One of the few university friends to have taken the trouble to keep in touch, he left Impala Plats with a R7,3-million golden handshake. He was worth about R40-million last year.

But then there are the others I have met. I see their names and images of Dickensian nasties spring to mind. Not even a R3,5-million salary and R8-million bonus buy Tom Boardman the right to rudeness. You couldn’t get me to work for Steve Booysen if you matched his R13-million bonus. His successor I’d work for at the drop of a hat, but Booysen is of the same cloth as Whitey Basson, Patrice Motsepe, Ruben September, Prakesh Desai and Adrian Gore (in the latter’s case, the sole reason I am no longer with Discovery).

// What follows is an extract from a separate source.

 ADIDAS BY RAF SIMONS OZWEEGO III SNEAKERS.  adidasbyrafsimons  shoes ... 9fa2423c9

Of course, everything I say here is subjective, based solely on my interactions. If you met them on a Jekyll Day, that’s nice. My experiences (and I’m pretty sure I’m not alone) suggest that they and scores of others in the “Rich List” epitomise the most common flaw among the bulk of the over-opulent — the malevolent, brutish arrogance of office.

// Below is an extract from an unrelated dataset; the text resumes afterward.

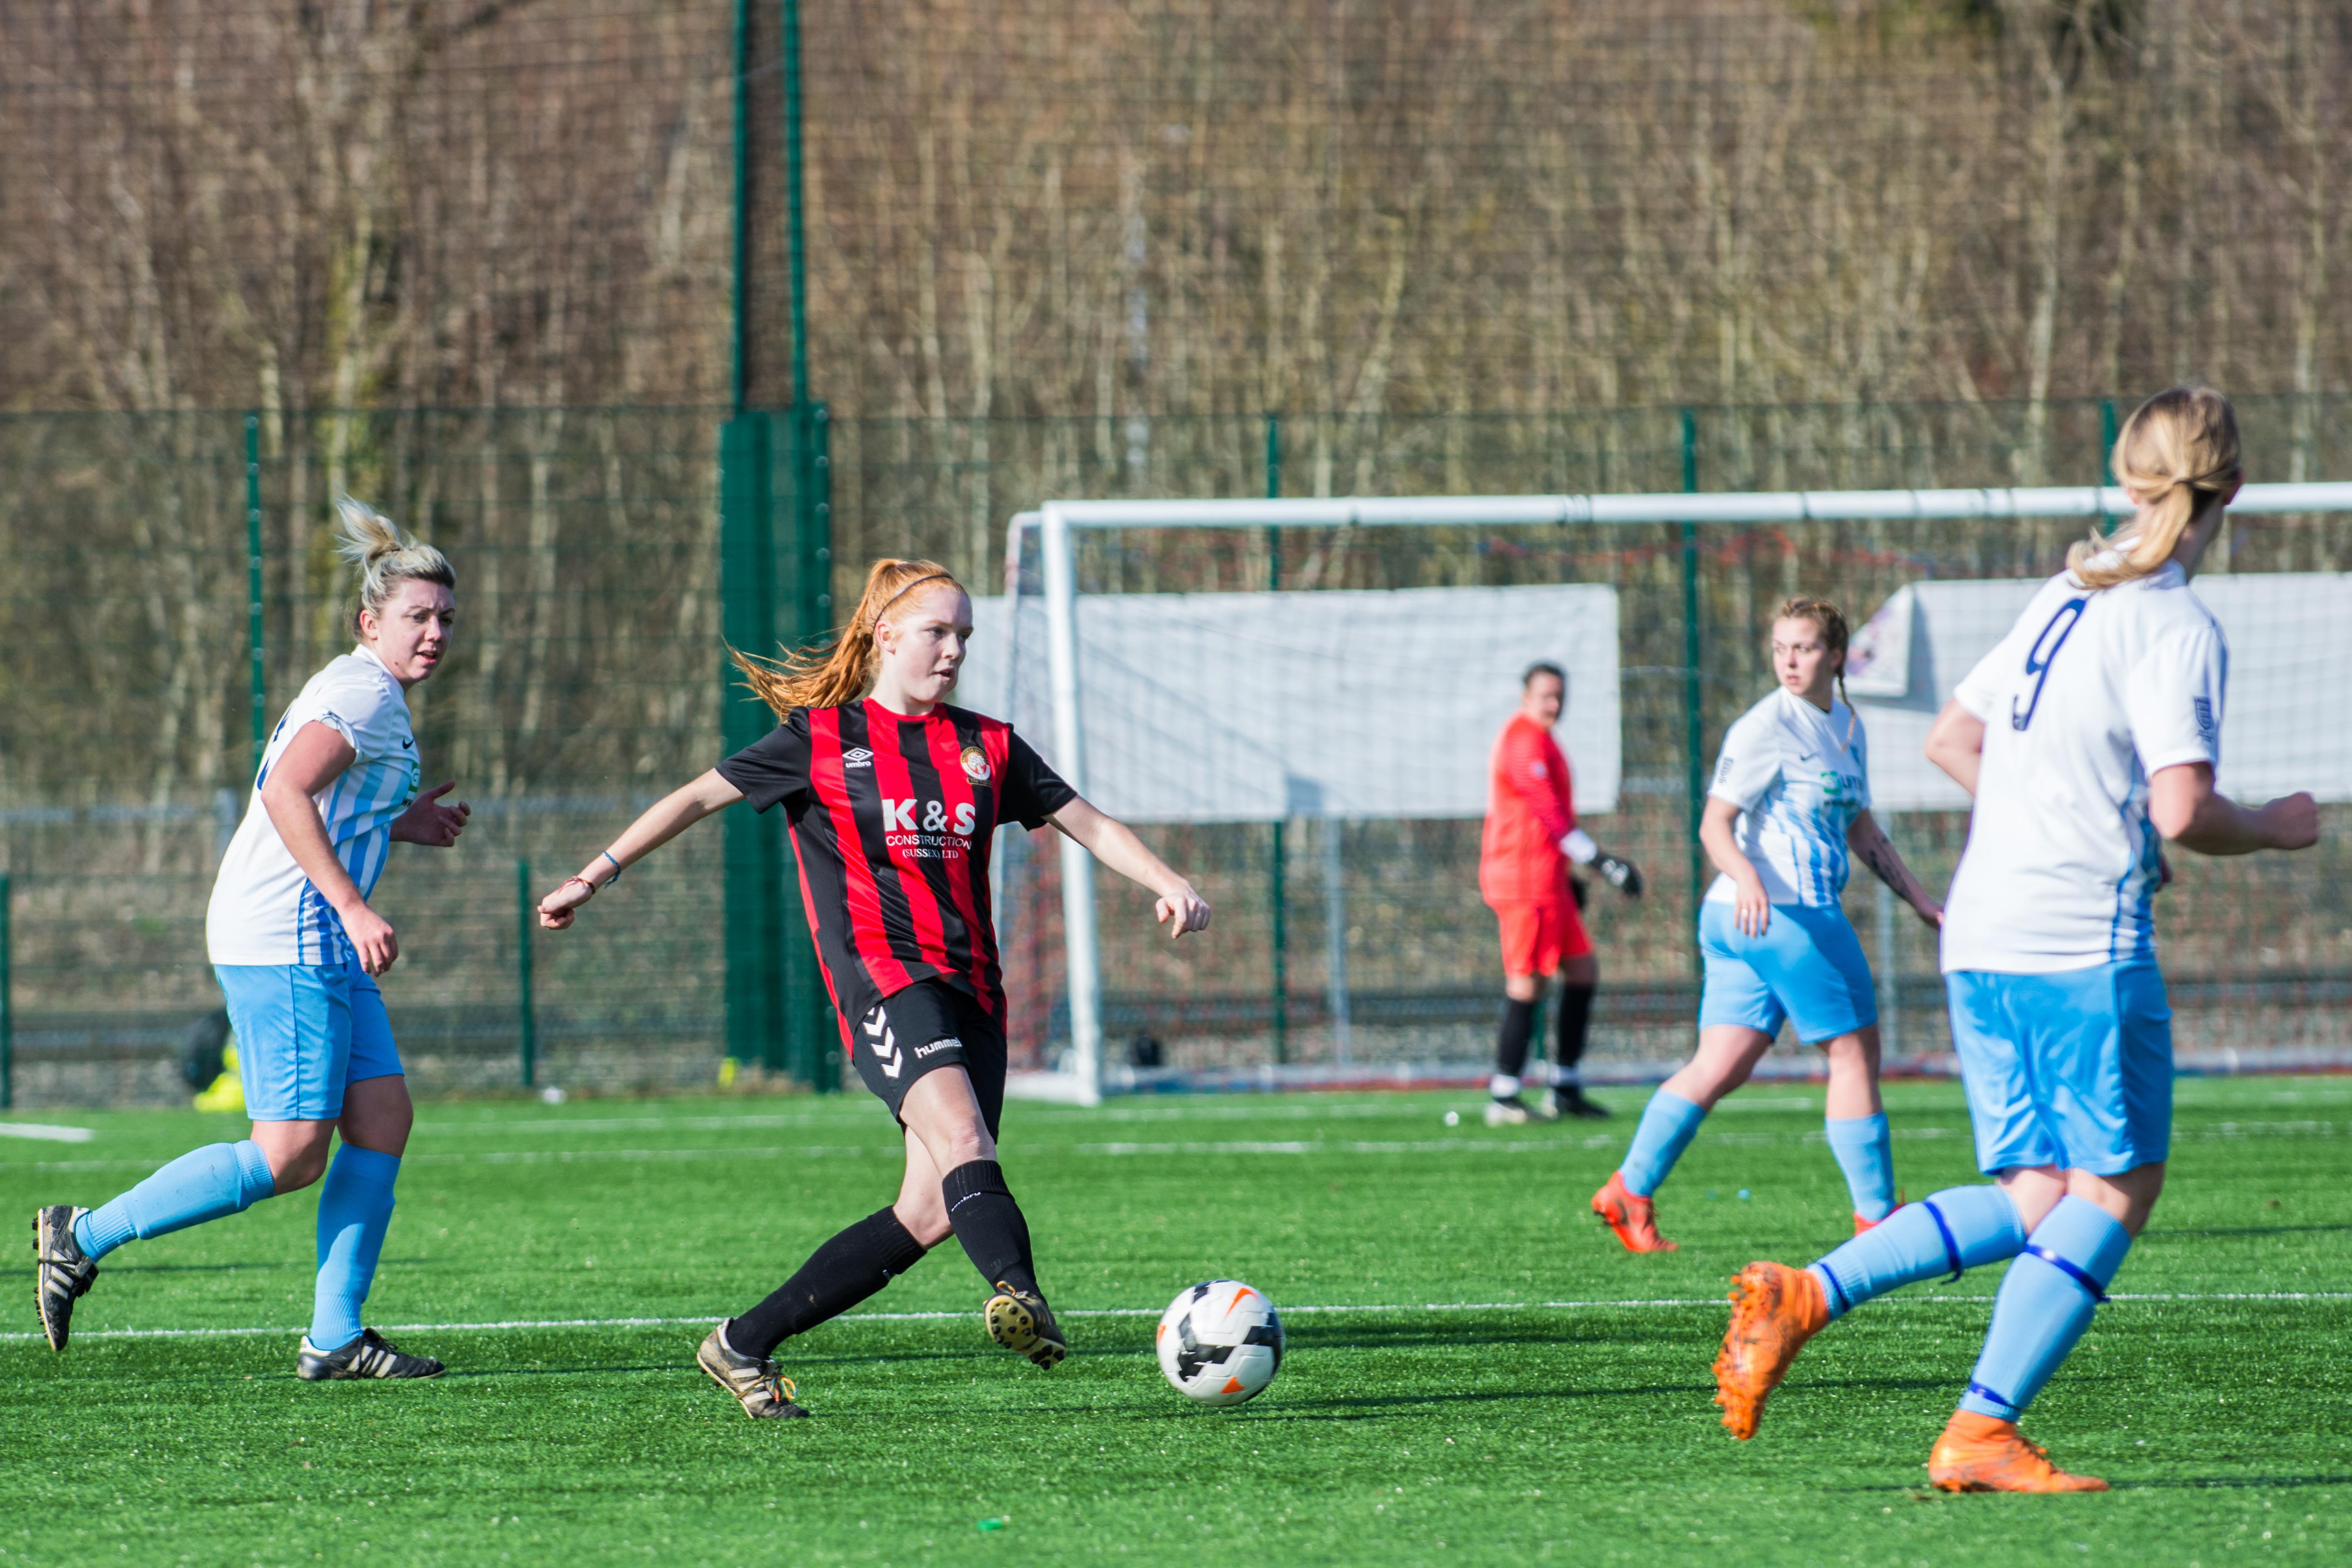 DAVID_JEFFERY Saltdean Utd Ladies FC vs Worthing Utd Ladies FC 11.03.18 24

They talk the Talkshow Talk, but walk not with the common man. MOMS, the Mind Over Matter Syndrome (“I don’t mind and they don’t matter”) is all too ingrained. There is a martial mentality in Mahogany Row where, (with apologies to the Bard) the instant criticism of any kind is heard, they “cry ‘Havoc’ and let slip the dogs of law”.

Between Them and Us, between the Haves and the Have-Nots, yawns a gaping chasm as real and bridgeless and tangible and self-perpetuating as the immoral gaps between our relative earnings.

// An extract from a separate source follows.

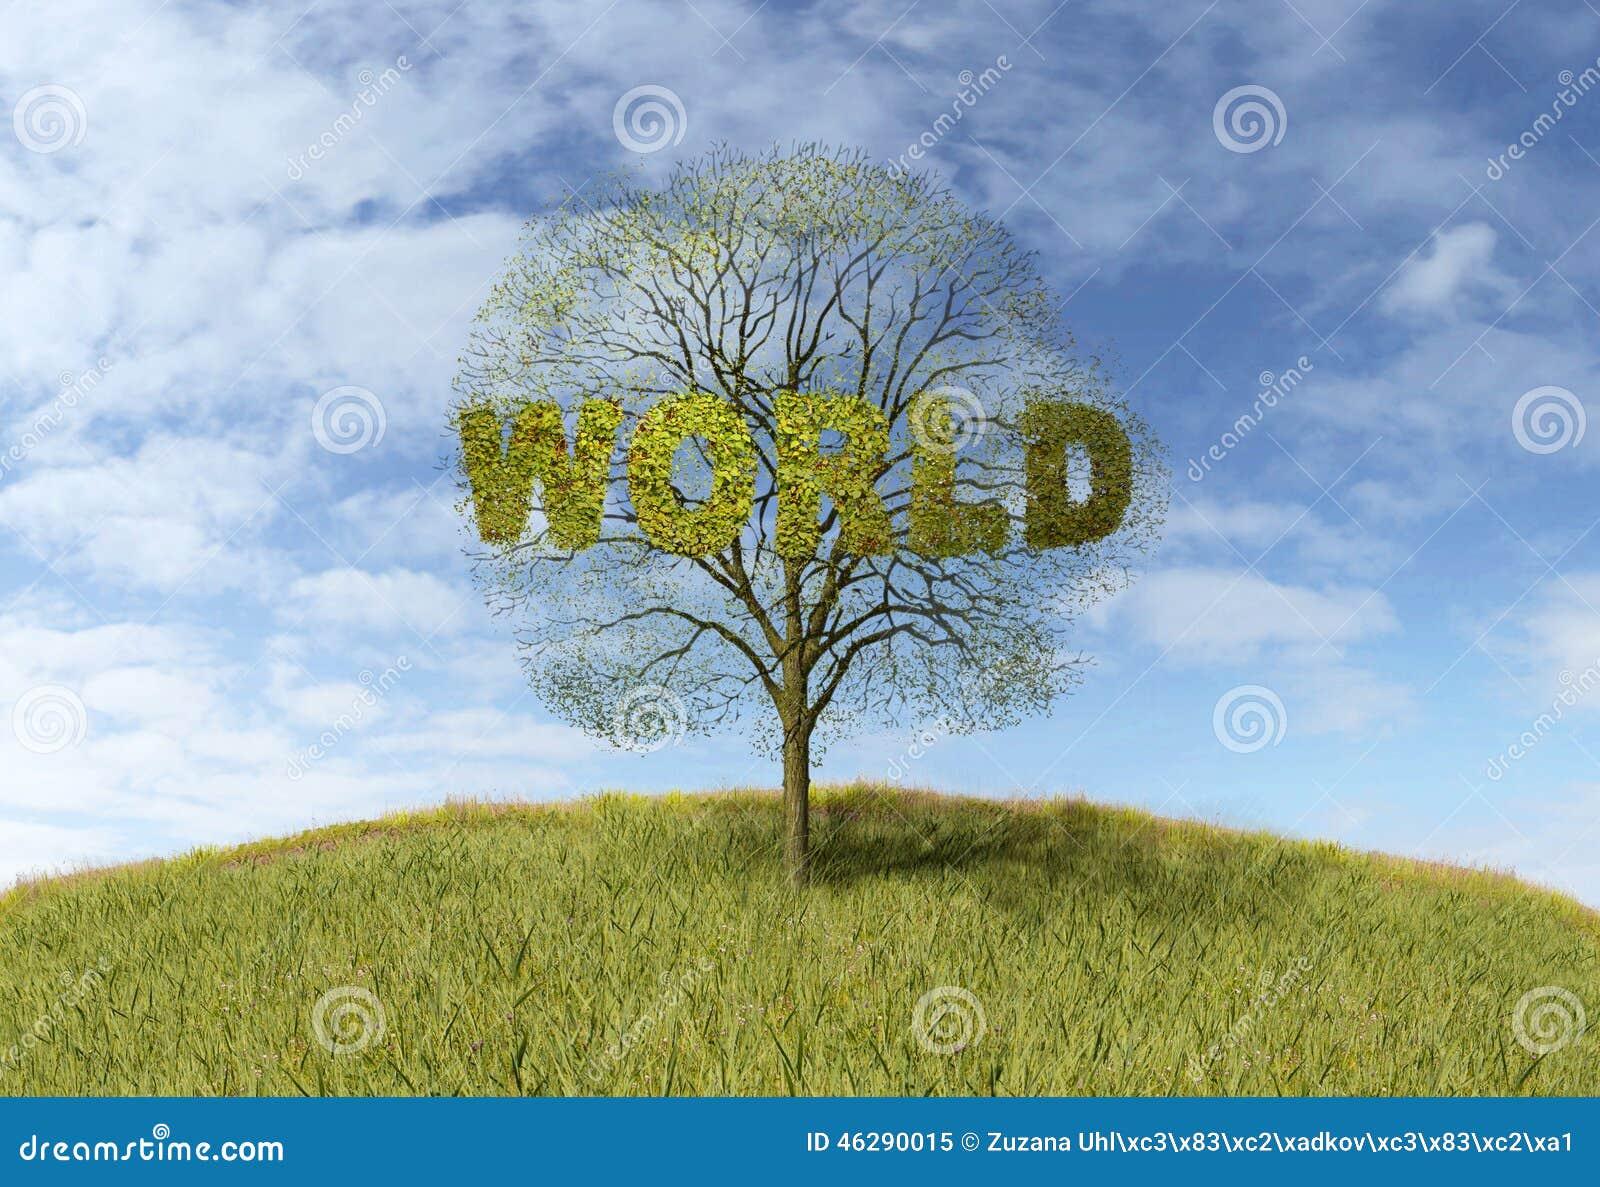 Teksta światu drzewo

On paper and in the eyes of the mindless millions, these people are better than you and me. Their lives are worth more. The lives of their families are worth more than those of our loved ones. They have more freedoms than we do because freedom has a price, and they can pay. They enjoy more access than we do. They hold the power of life and death in their back pockets.

And schadenfreude, oh schadenfreude, I delight in hearing of the hammerings they have taken. Even if that R61-billion was just Monopoly money, mostly ethereal, mist before the wind, I get a kick out of seeing the Haves have a little less. Just as orgasmically satisfying as seeing the head honchos of Ford, Chrysler and General Motors squirm on global TV recently. No matter what else comes of that public humiliation — is there such a thing as “self-defamation? — those ultra-arrogant toss-pots squirming will remain as iconic as Ford’s first Model-T.

When the bell has rung the close of day at the JSE, the Haves still have their uncrunched credit cards, their unearned bonuses, their brokered power, their sycophantic stature and the adulation of the addle-brained who judge a book by its cover and not the content of its pages.

So you better watch out, you better be nice, they’re making a list and they’re checking it twice — yeah, Santa’s Claws are on the take so be good for goodness sake!